Inaccuracy for f32 erf on non-FMA instruction set
bnprks opened this issue · 0 comments
Thanks for writing and maintaining such a fast and useful library!
I've noticed some precision issues where the erf function with f32 inputs may exceed the documented 1.0 ULP error bound when FMA is not available.
I ran my testing on x86, where scalar and AVX2 return consistently accurate values, but SSE4 and SSE2 sometimes return inaccurate values.
For example, the input 0x1.16945ap-126
(1.279174322e-38
) has a 1.3 ULP error, and the input -0x1.d1b6c8p-127
(-1.069226882e-38
) has 1.8 ULP error.
Here is some example code to reproduce these results, tested on a fresh pull of the main branch (a99491a):
#include <stdio.h>
#include <math.h>
#include "sleef.h"
//cmake -B build -S . -G Ninja
//cmake --build build
//gcc -o sleef_erf_example sleef_erf_example.c -lsleef -lm -L./build/lib -I ./build/include -march=native
int main() {
float example_input = 0x1.16945ap-126;
printf("Problem input:\t%1$.10g (%1$a)\n", example_input);
printf("Sleef scalar:\t%1$.10g (%1$a)\n", Sleef_erff1_u10(example_input));
printf("Sleef avx2:\t%1$.10g (%1$a)\n", _mm256_cvtss_f32(Sleef_erff8_u10avx2(_mm256_set1_ps(example_input))));
printf("Sleef sse4:\t%1$.10g (%1$a)\n", _mm_cvtss_f32(Sleef_erff4_u10sse4(_mm_set1_ps(example_input))));
printf("Sleef sse2:\t%1$.10g (%1$a)\n", _mm_cvtss_f32(Sleef_erff4_u10sse2(_mm_set1_ps(example_input))));
printf("Correct result:\t%1$.20Lg (%1$La)\n", erfl((long double) example_input));
}
When run, this outputs:
Problem input: 1.279174322e-38 (0x1.16945ap-126)

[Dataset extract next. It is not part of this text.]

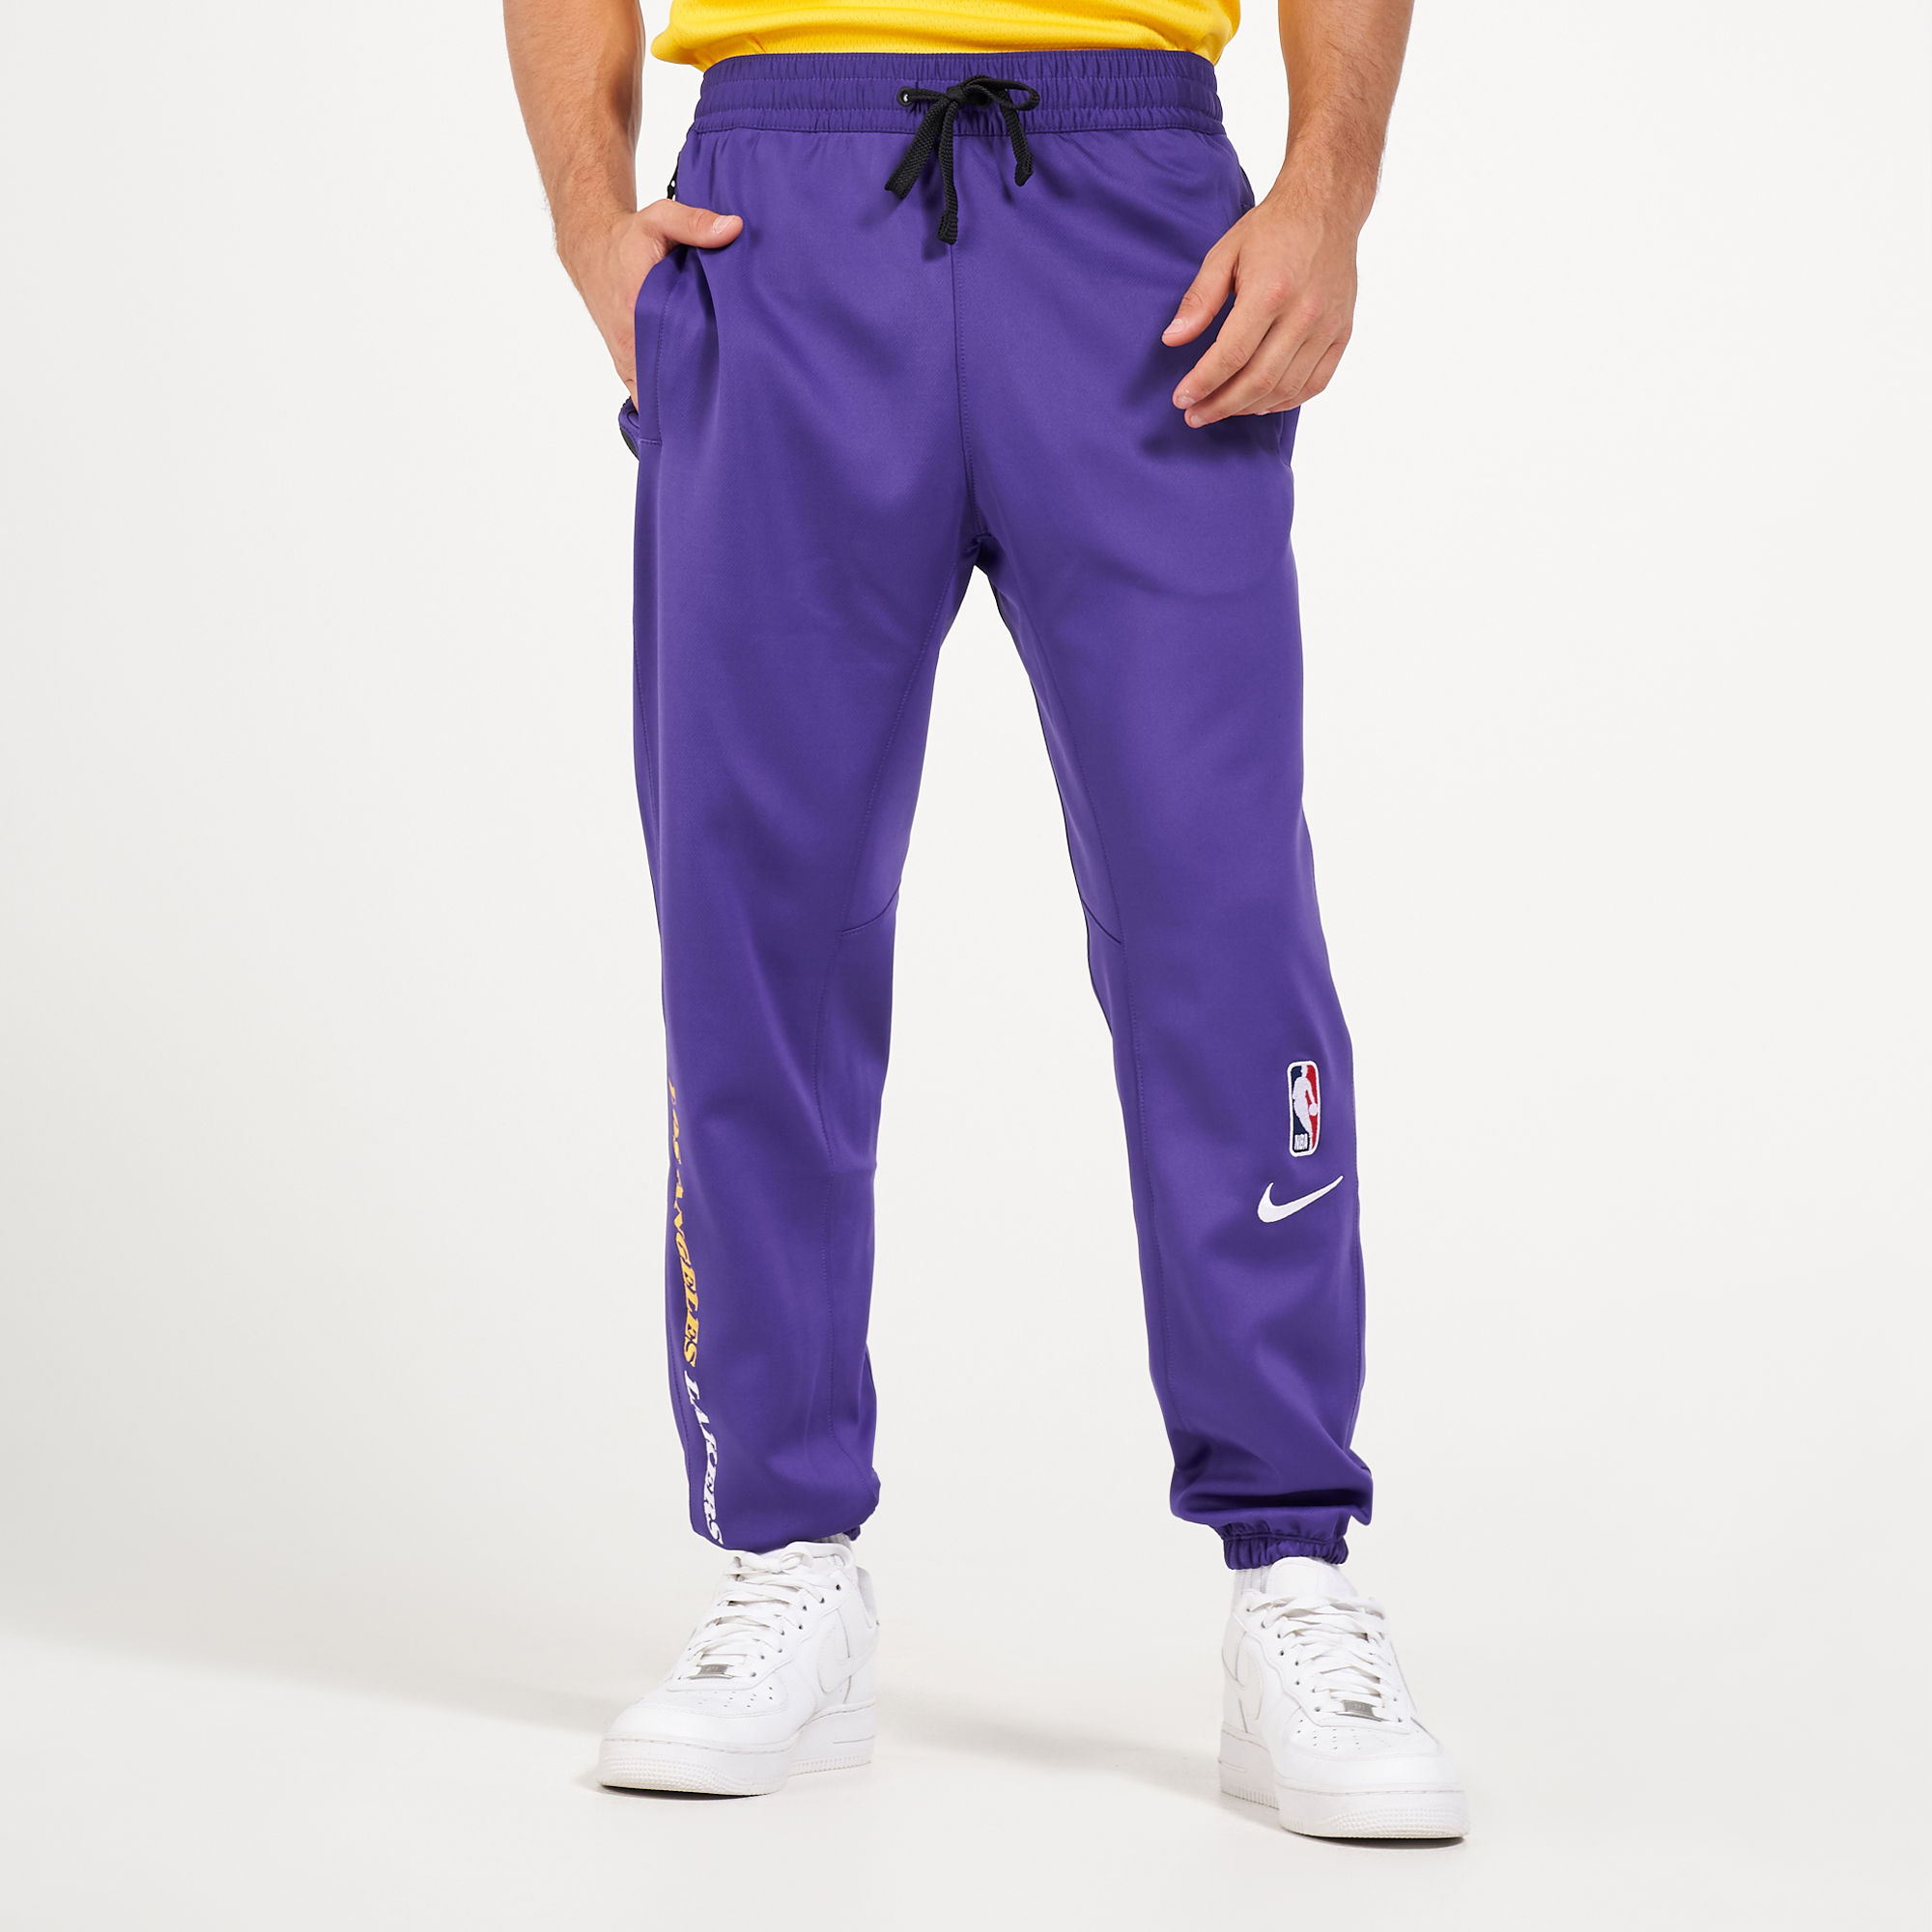 nike showtime pants purple
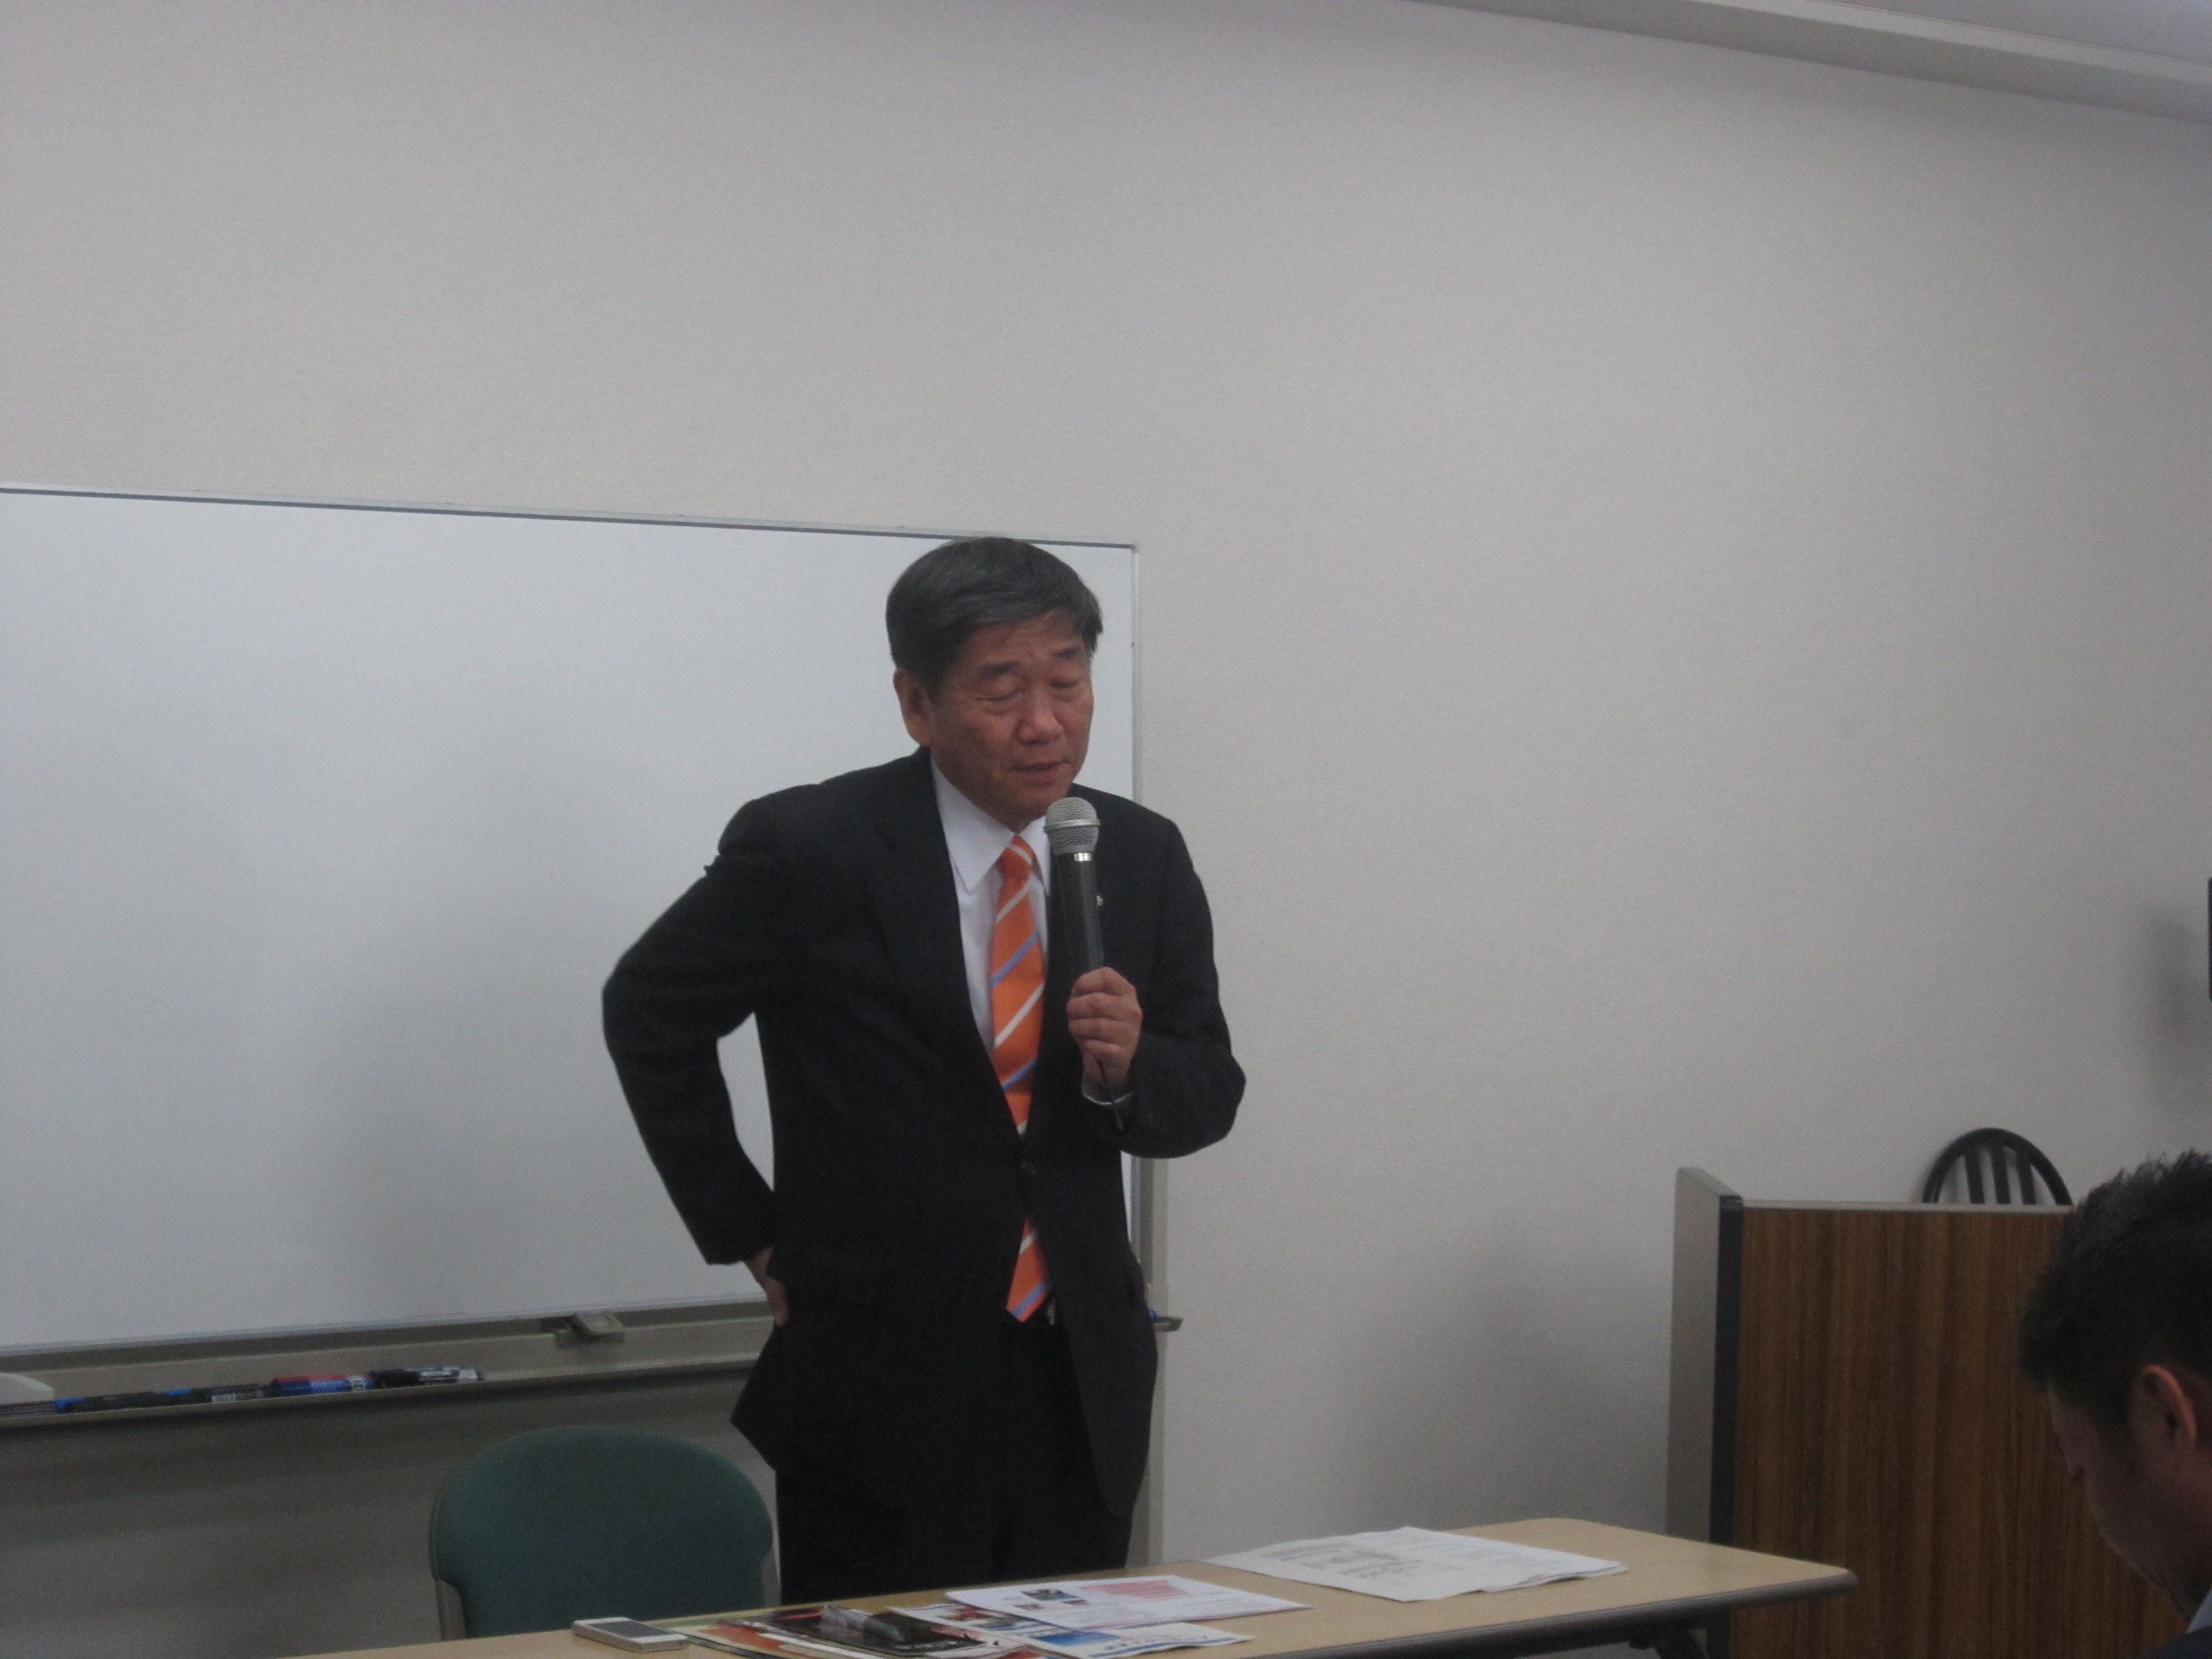 IMG 1903 - 2012年11月27日AOsuki第4回勉強会八戸市小林市長

Sleef scalar: 1.44339361e-38 (0x1.3a57e2p-126)
Sleef avx2: 1.44339361e-38 (0x1.3a57e2p-126)
Sleef sse4: 1.44339347e-38 (0x1.3a57ep-126)
Sleef sse2: 1.44339347e-38 (0x1.3a57ep-126)
Correct result: 1.4433936563104040097e-38 (0x9.d2bf154036c0db7p-129)
It appears the differences arise in the call to dfmul_vf2_vf2_vf
on this line 3524 of sleefsimdsp.c
Line 3524 in a99491a
An algorithm update to improve non-FMA precision would of course be appreciated. For my use-case, however, I don't need the full 1.0 ULP precision. It would be fine to just update the docs to state that the error bound is 2.0 ULP when FMA isn't available.